=== PROBLEM TO SOLVE ===
Exactly as written, reproduce the lines from the beginning of the data through the line containing "new goods Note"; the pictures are not reproduced.

=== DATA PROVIDED ===
───

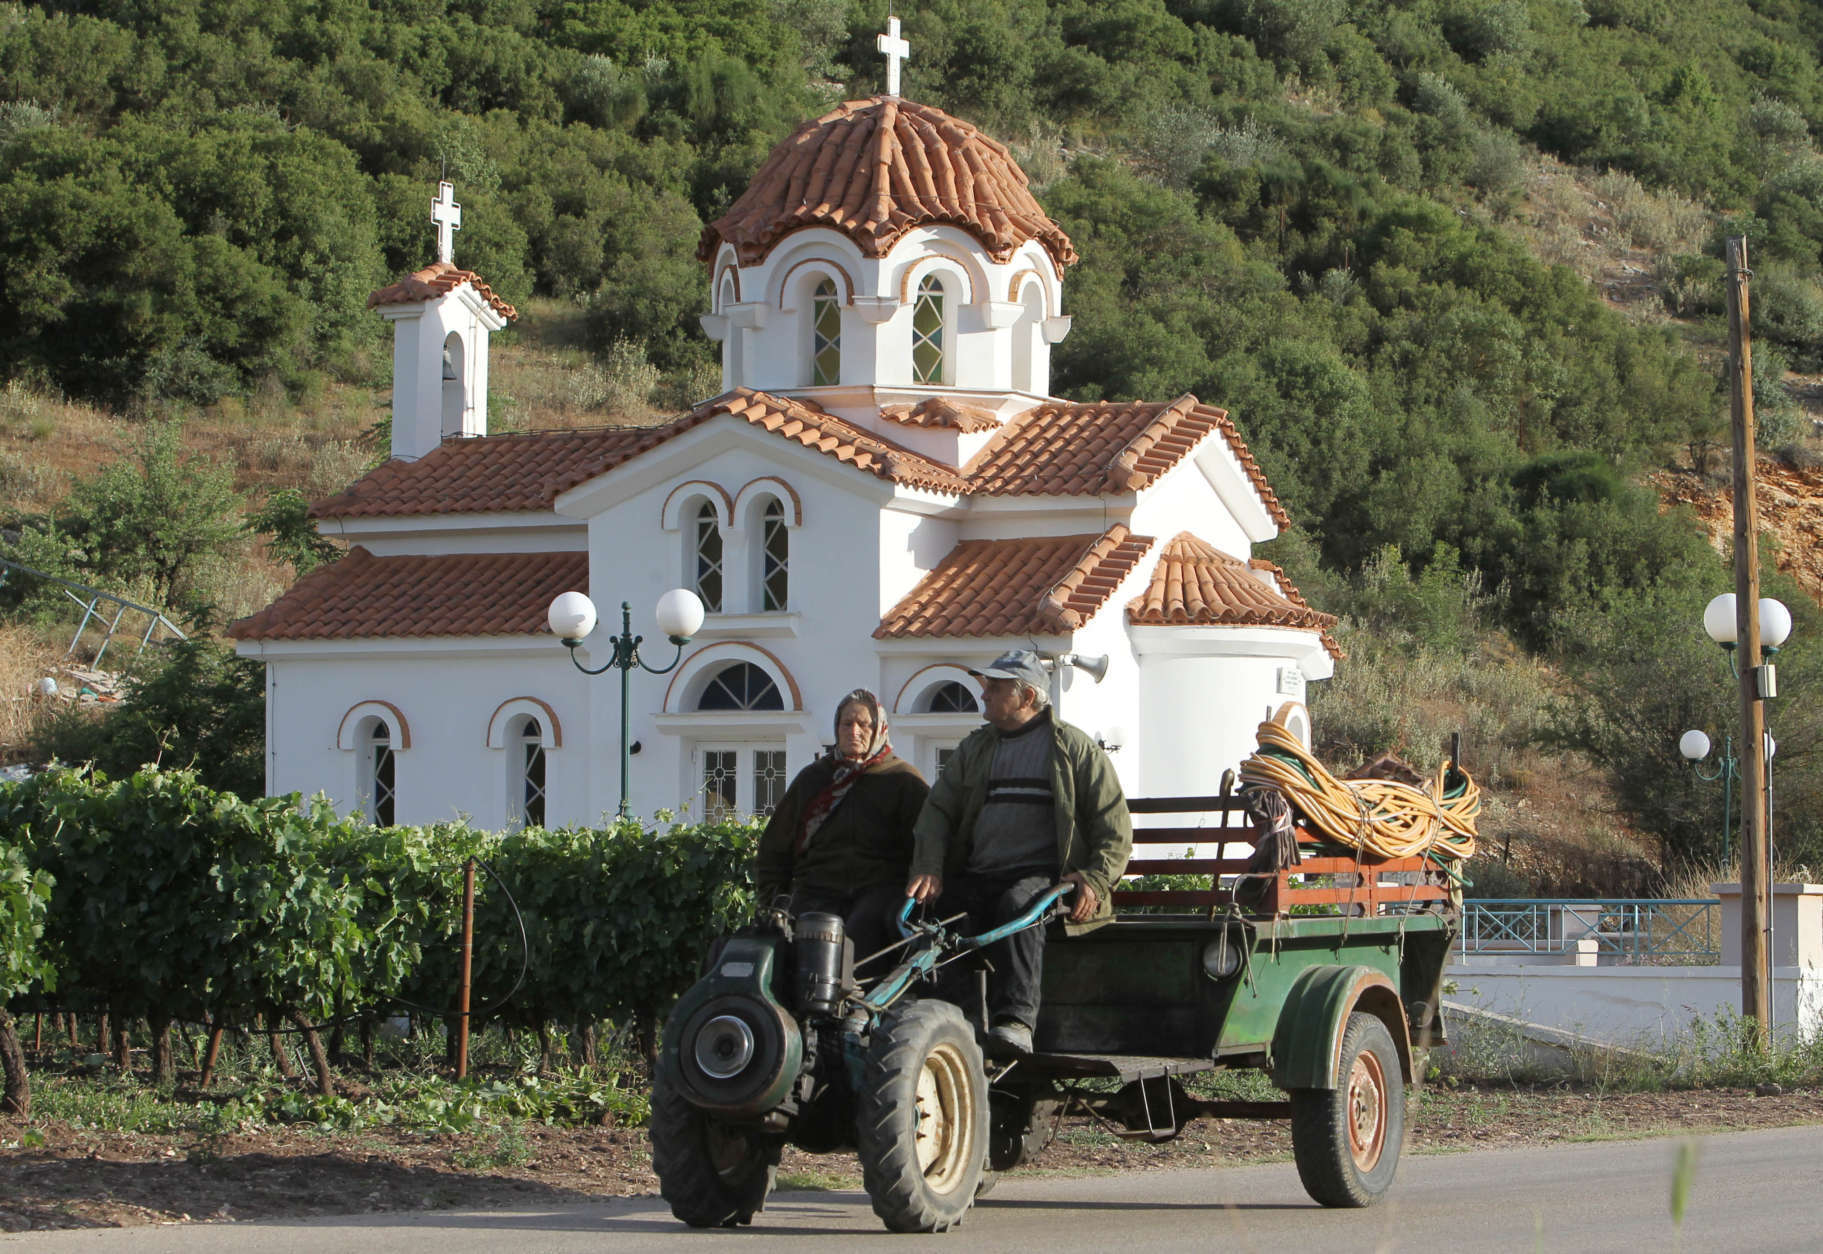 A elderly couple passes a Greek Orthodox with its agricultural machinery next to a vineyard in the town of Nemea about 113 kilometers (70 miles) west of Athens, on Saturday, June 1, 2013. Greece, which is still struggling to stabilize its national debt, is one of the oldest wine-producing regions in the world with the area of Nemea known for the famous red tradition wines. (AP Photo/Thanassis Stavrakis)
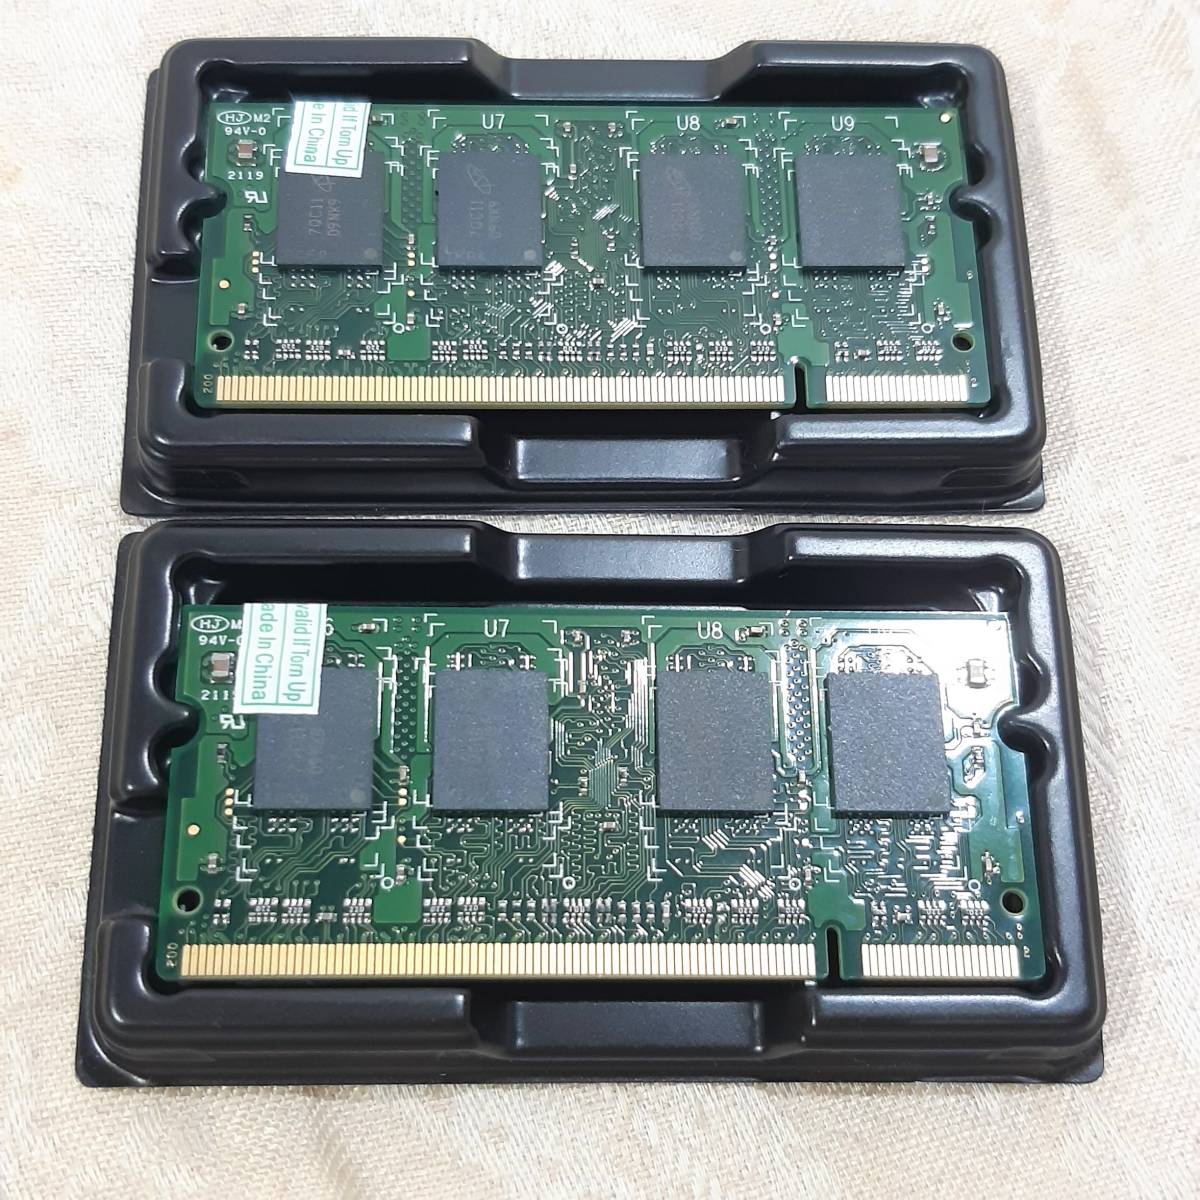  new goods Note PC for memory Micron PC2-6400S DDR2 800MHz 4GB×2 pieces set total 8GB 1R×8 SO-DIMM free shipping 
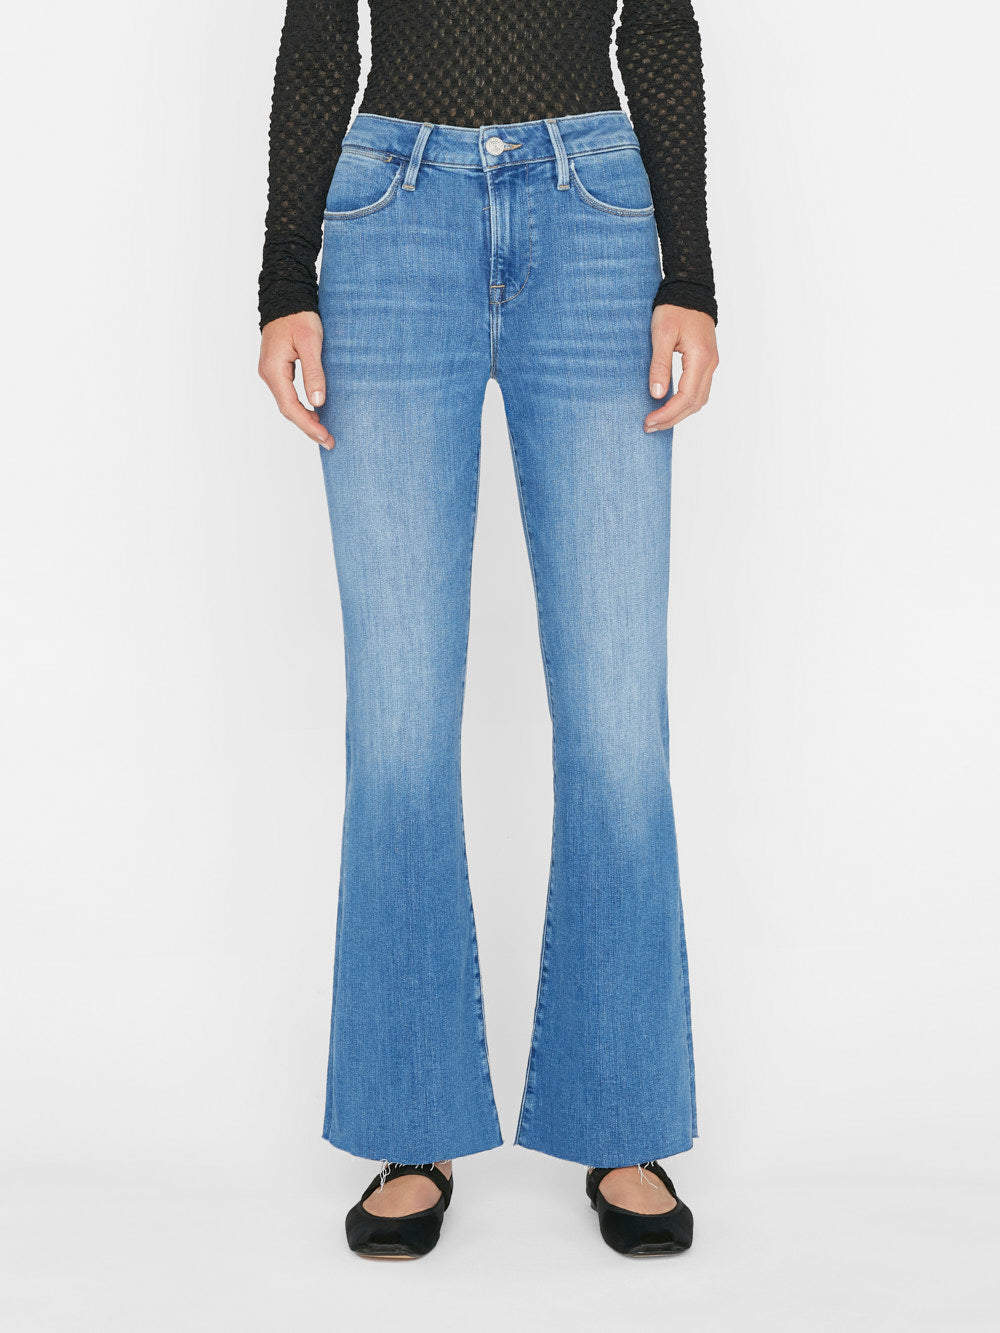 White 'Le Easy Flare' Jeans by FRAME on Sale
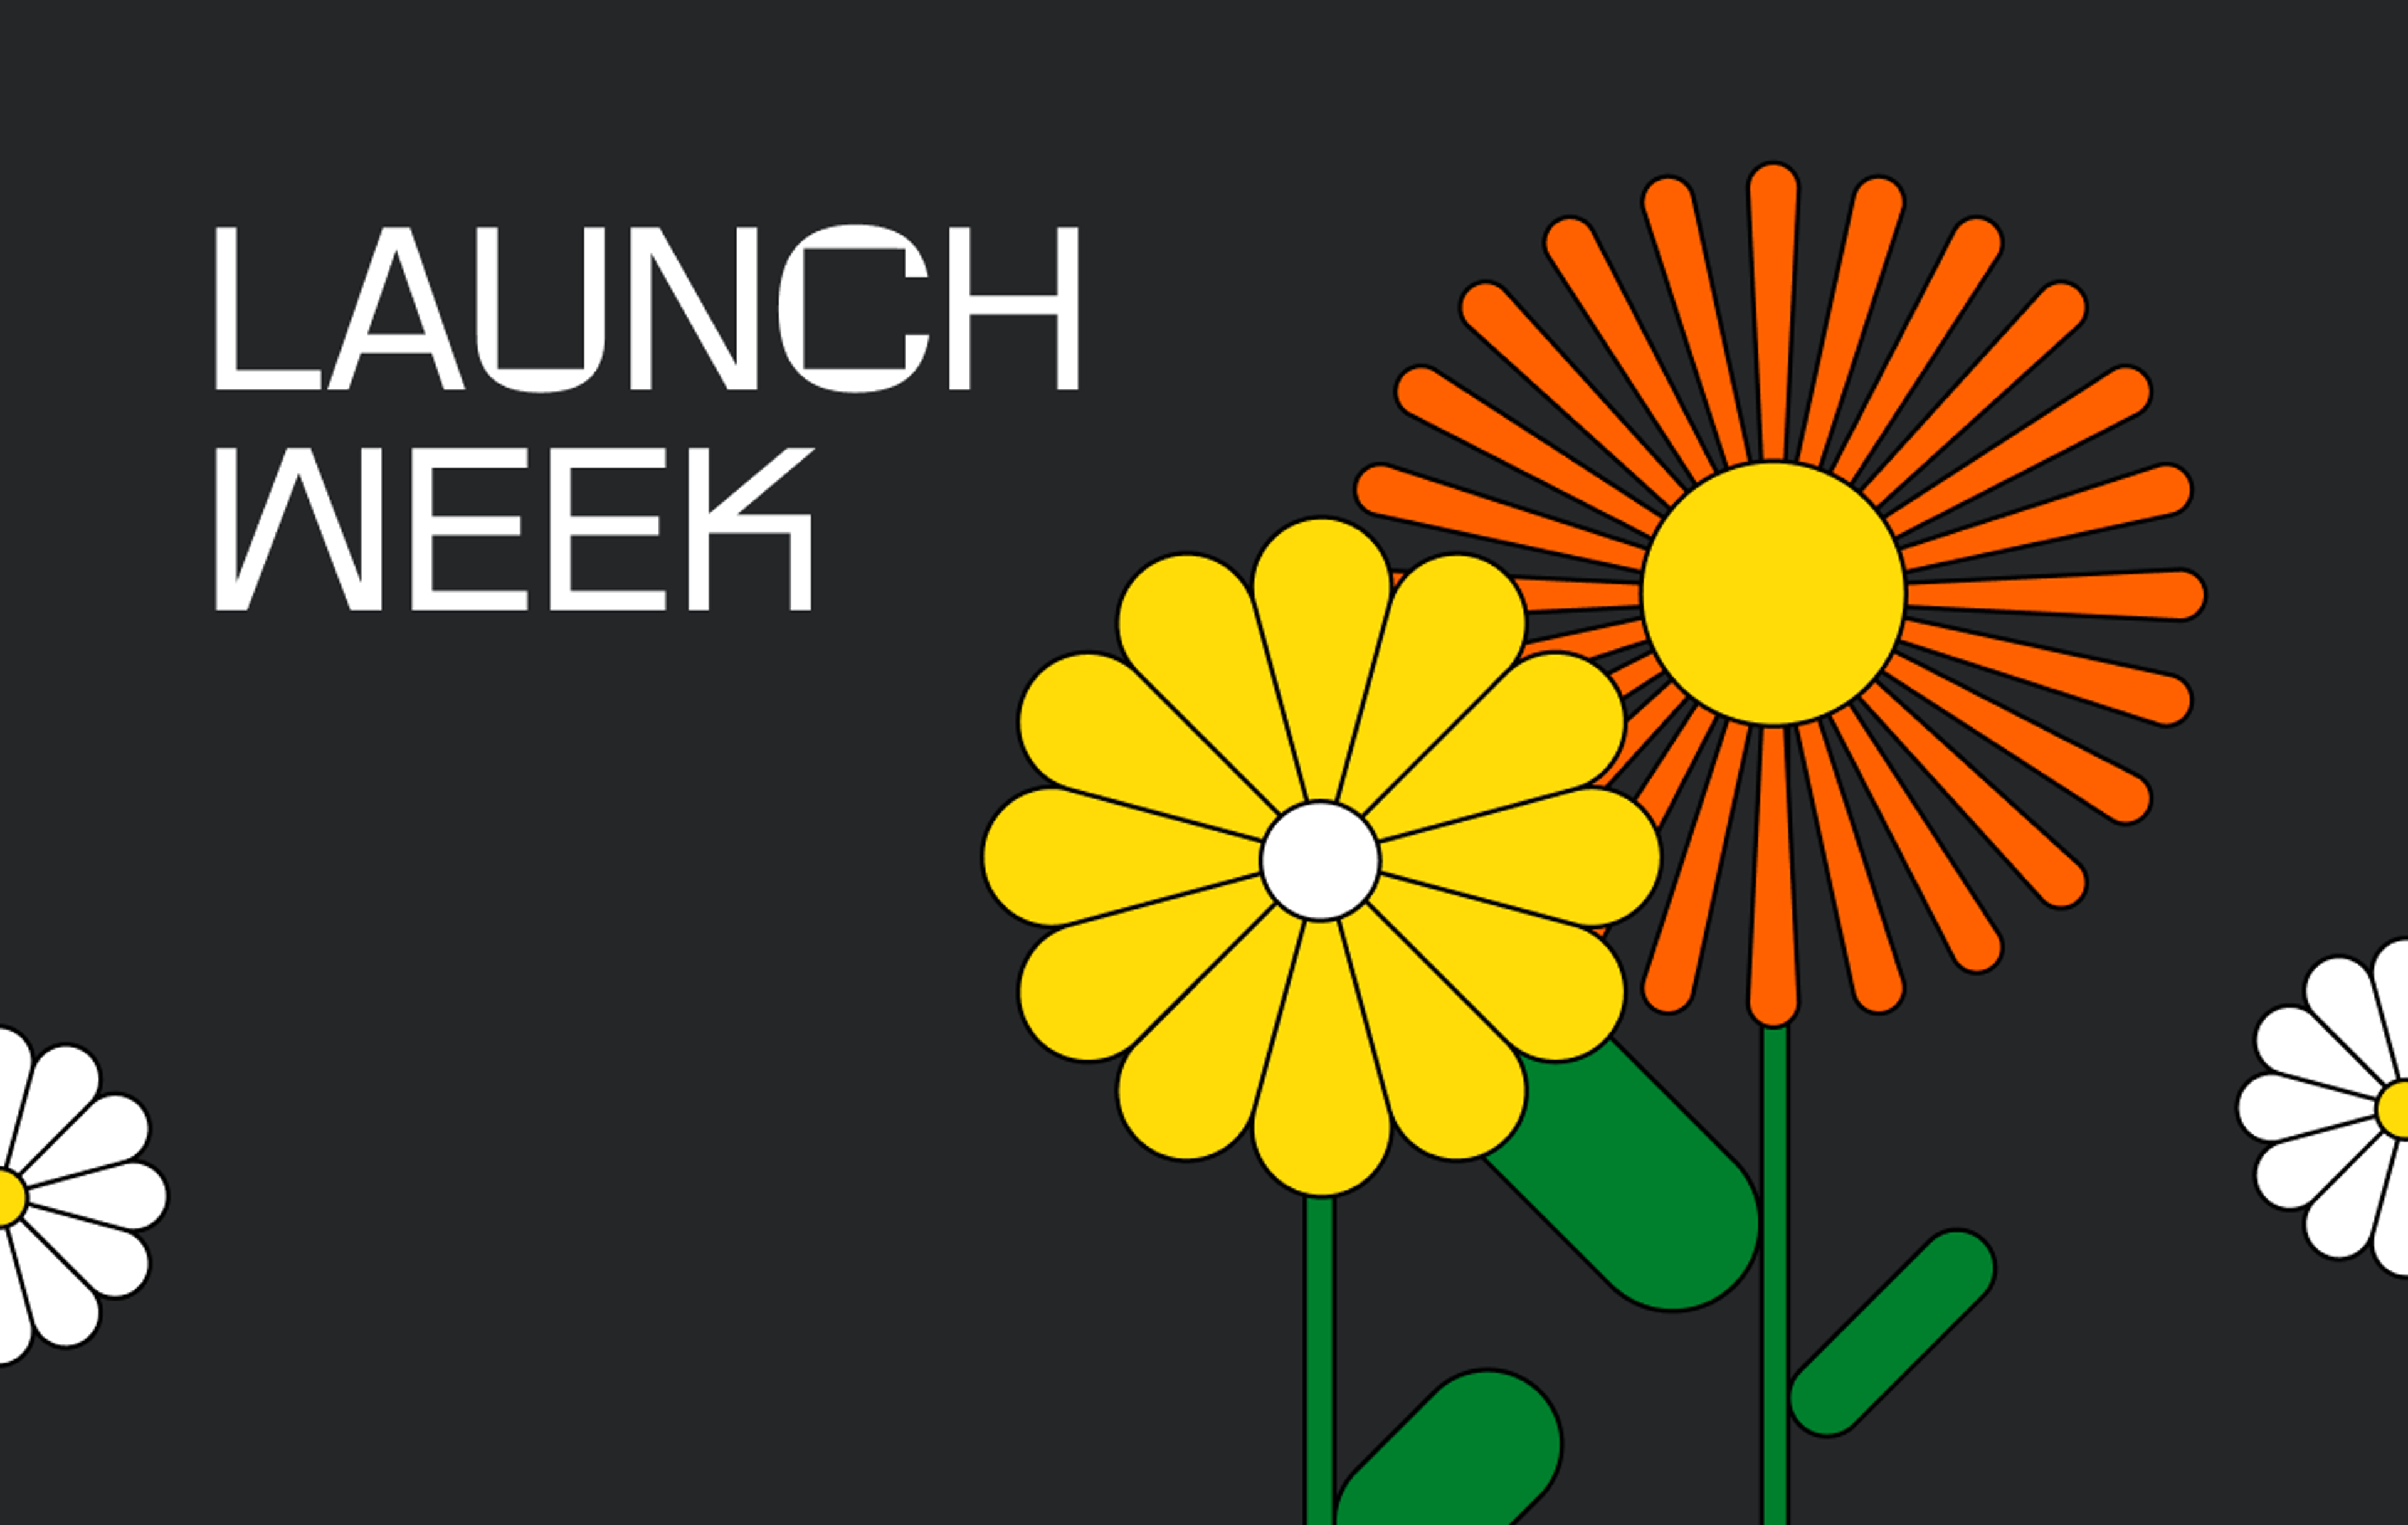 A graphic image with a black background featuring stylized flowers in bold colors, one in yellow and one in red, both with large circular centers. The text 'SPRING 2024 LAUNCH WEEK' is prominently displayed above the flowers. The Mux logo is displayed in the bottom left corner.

───

=== EXPECTED OUTPUT ===
 A elderly couple passes a Greek Orthodox with its agricultural machinery next to a vineyard in the town of Nemea about 113 kilometers (70 miles) west of Athens, on Saturday, June 1, 2013. Greece, which is still struggling to stabilize its national debt, is one of the oldest wine-producing regions in the world with the area of Nemea known for the famous red tradition wines. (AP Photo/Thanassis Stavrakis)
  new goods Note PC for memory Micron PC2-6400S DDR2 800MHz 4GB×2 pieces set total 8GB 1R×8 SO-DIMM free shipping 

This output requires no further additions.